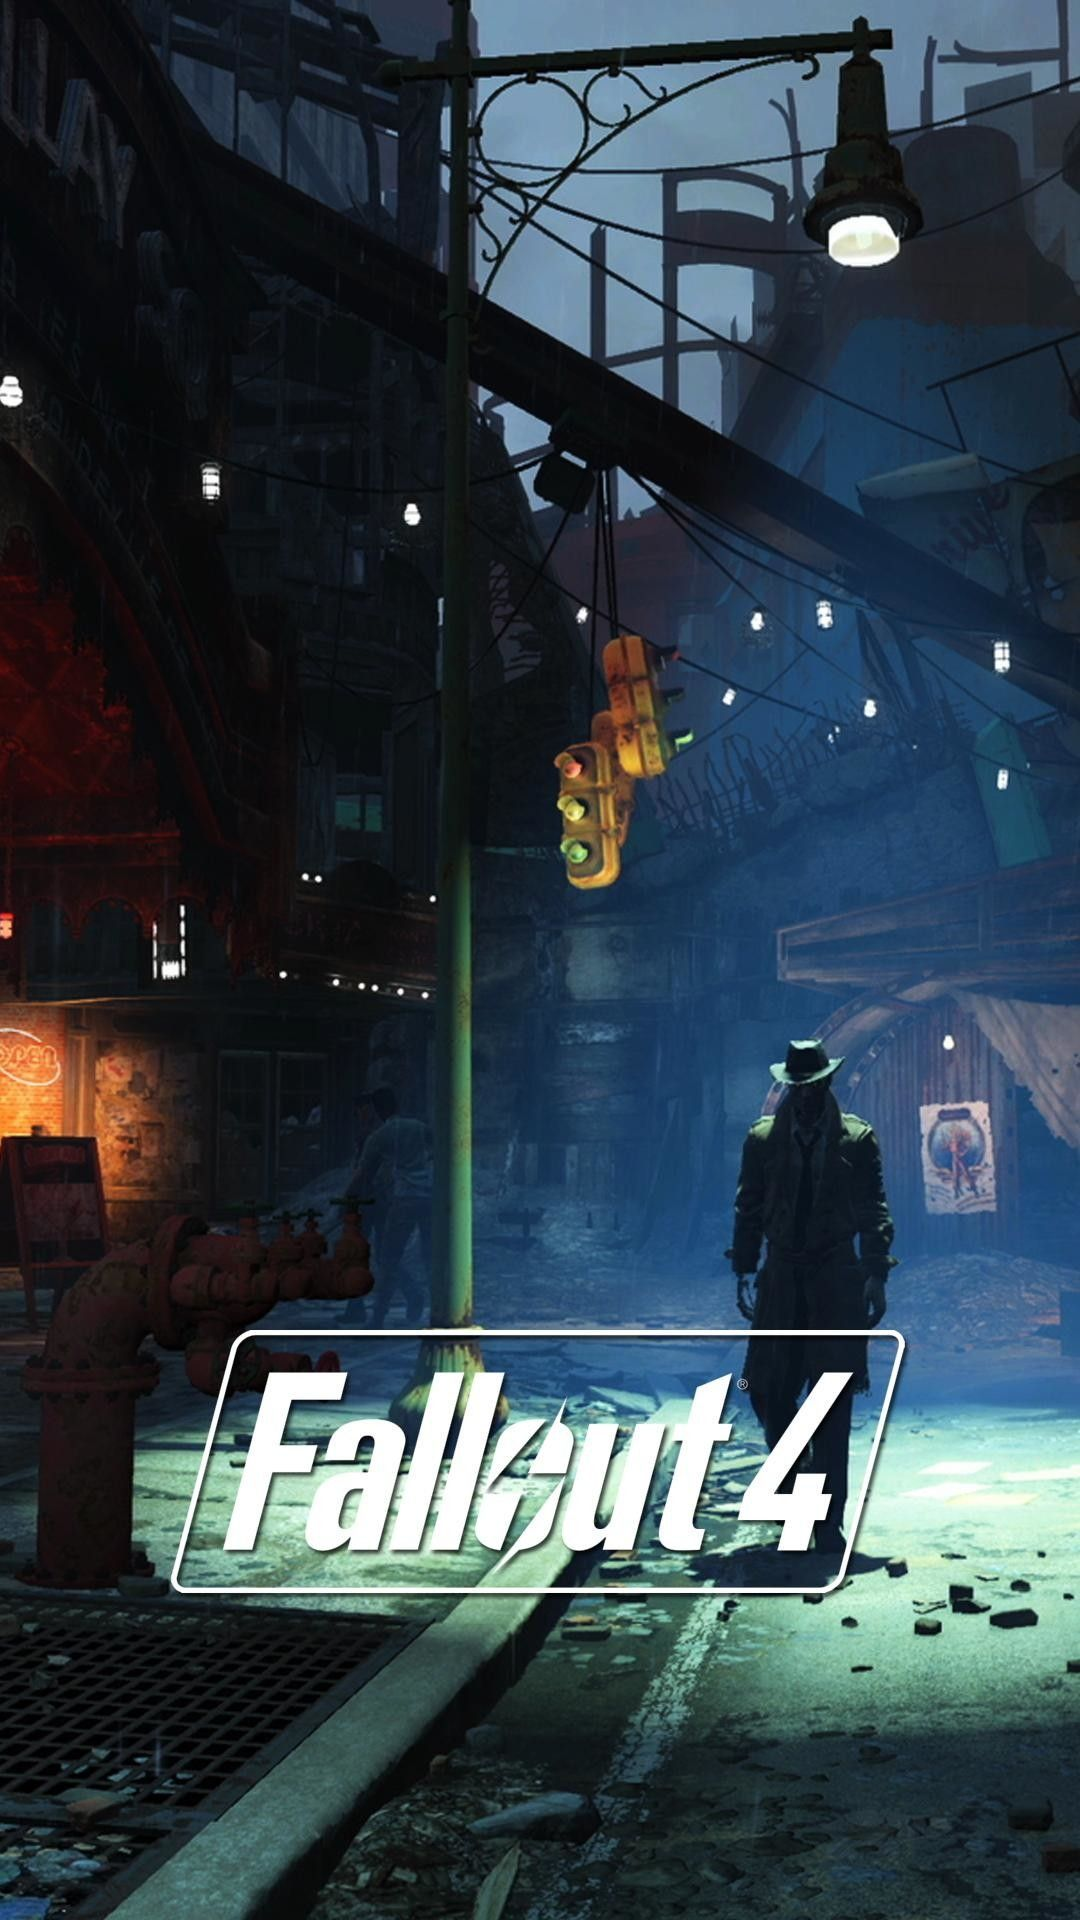 Fallout Phone HD Wallpapers - Wallpaper ...
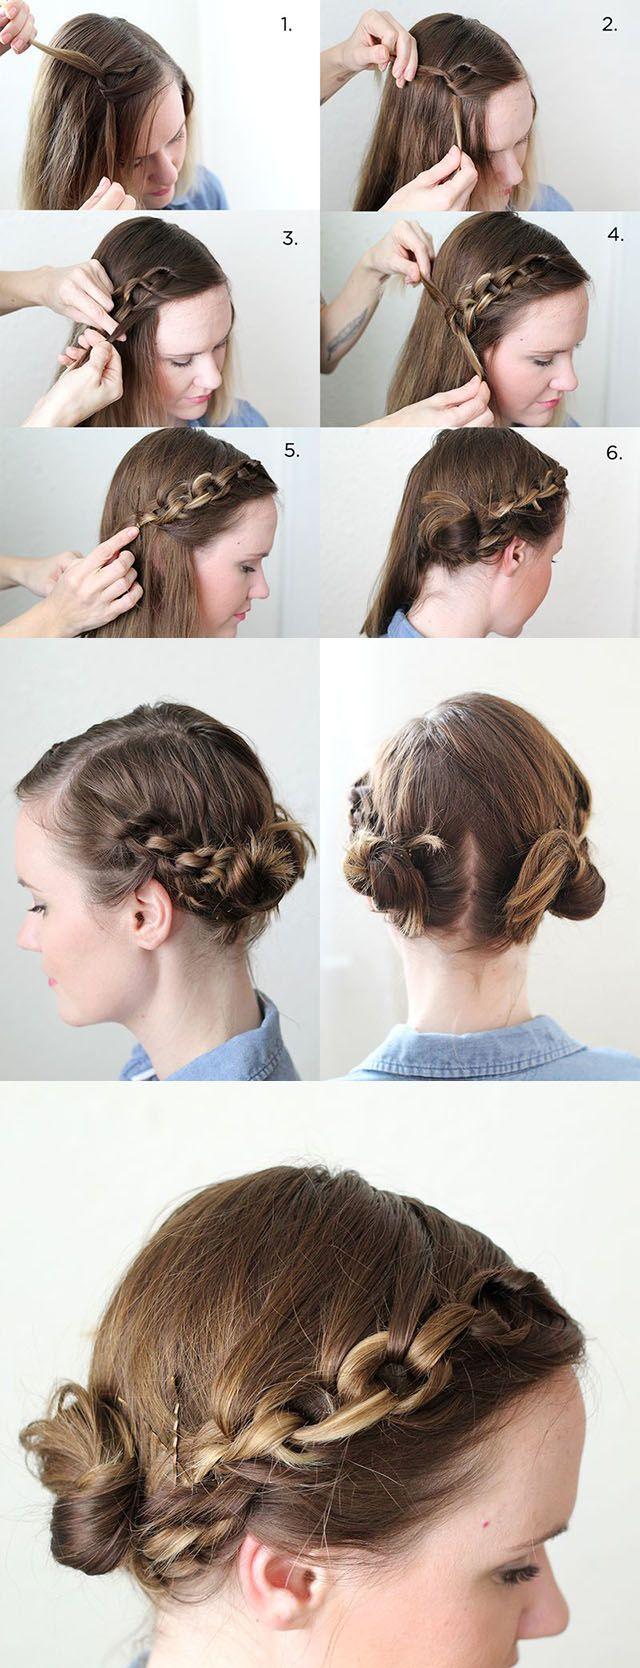 Fabulous Hairstyle Tutorials For Diva Like You - Fashion Diva Design
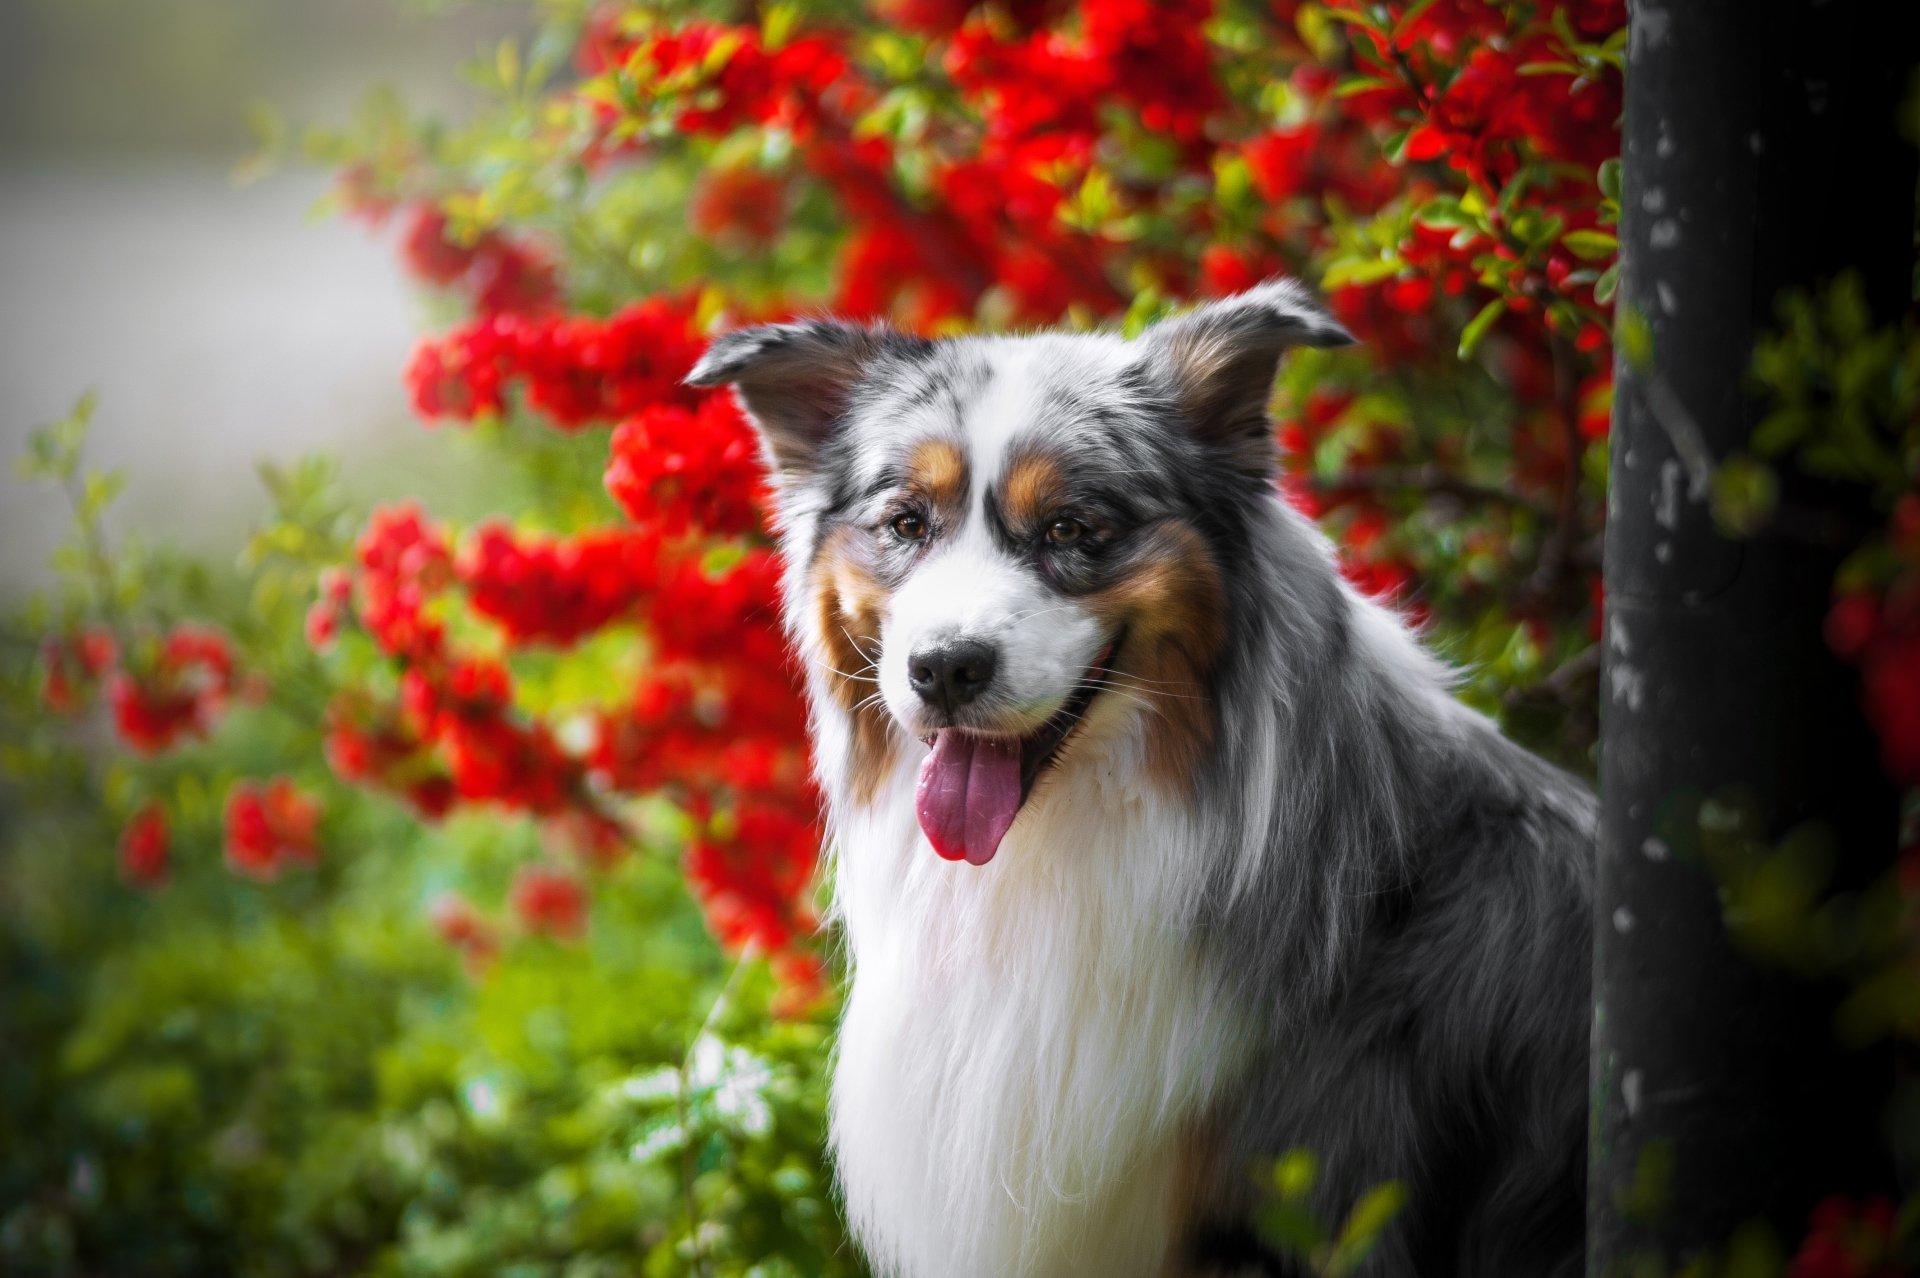 Animal - Australian Shepherd  Dog Pet Wallpaper
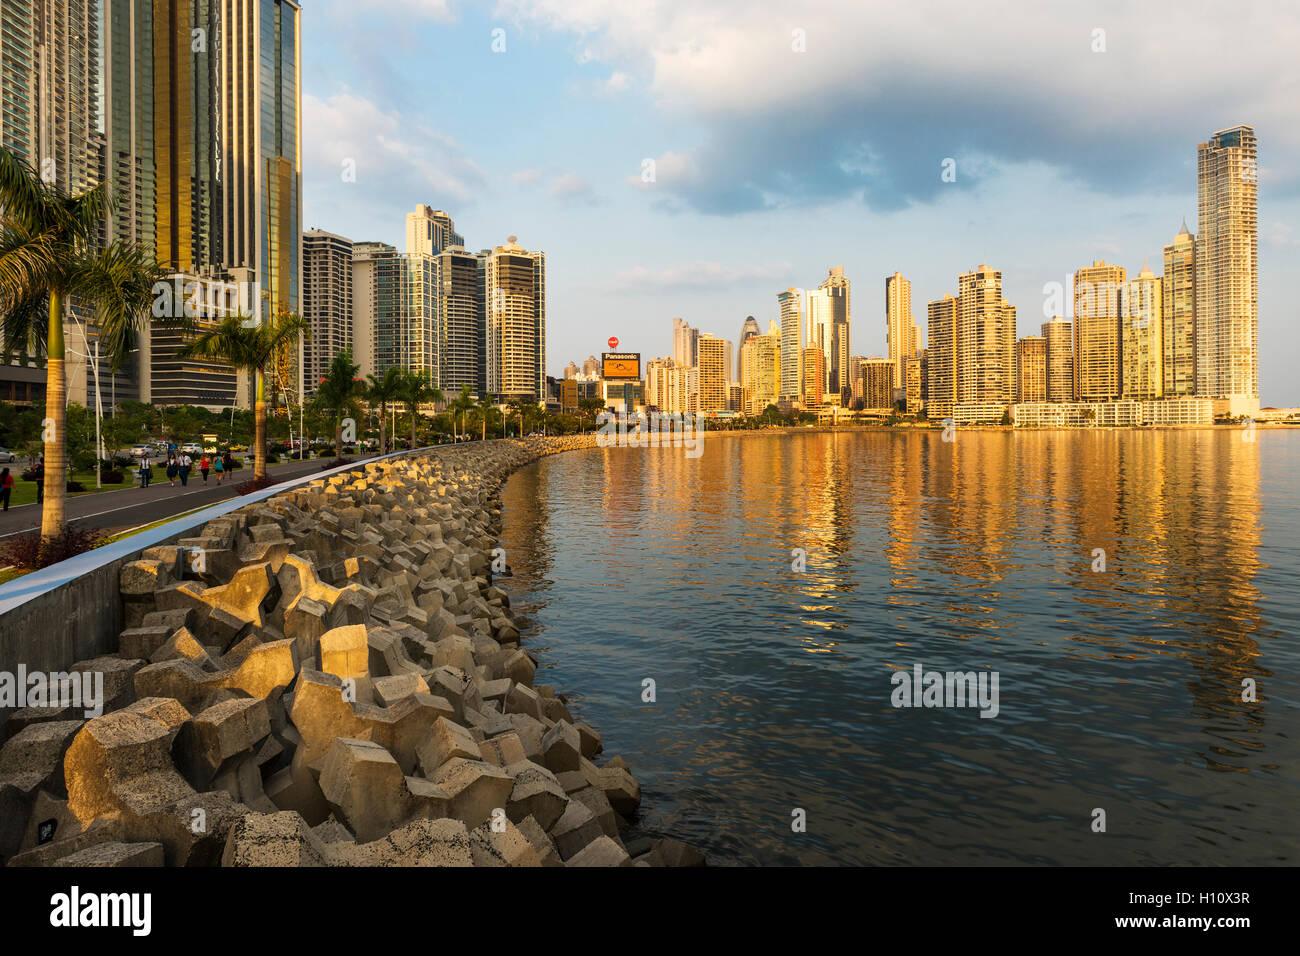 Panama-Stadt, Panama - 18. März 2014: Blick auf den financial District und Meer in Panama City, Panama, bei Stockbild

▸ **Instructions to follow**
Transcribe the whole listing exactly as it stands, apart from the pictures.

▸ **Solution for this exercise**
 Fallout Phone HD Wallpapers - Wallpaper ...
 Fabulous Hairstyle Tutorials For Diva Like You - Fashion Diva Design
 Animal - Australian Shepherd  Dog Pet Wallpaper
 Panama-Stadt, Panama - 18. März 2014: Blick auf den financial District und Meer in Panama City, Panama, bei Stockbild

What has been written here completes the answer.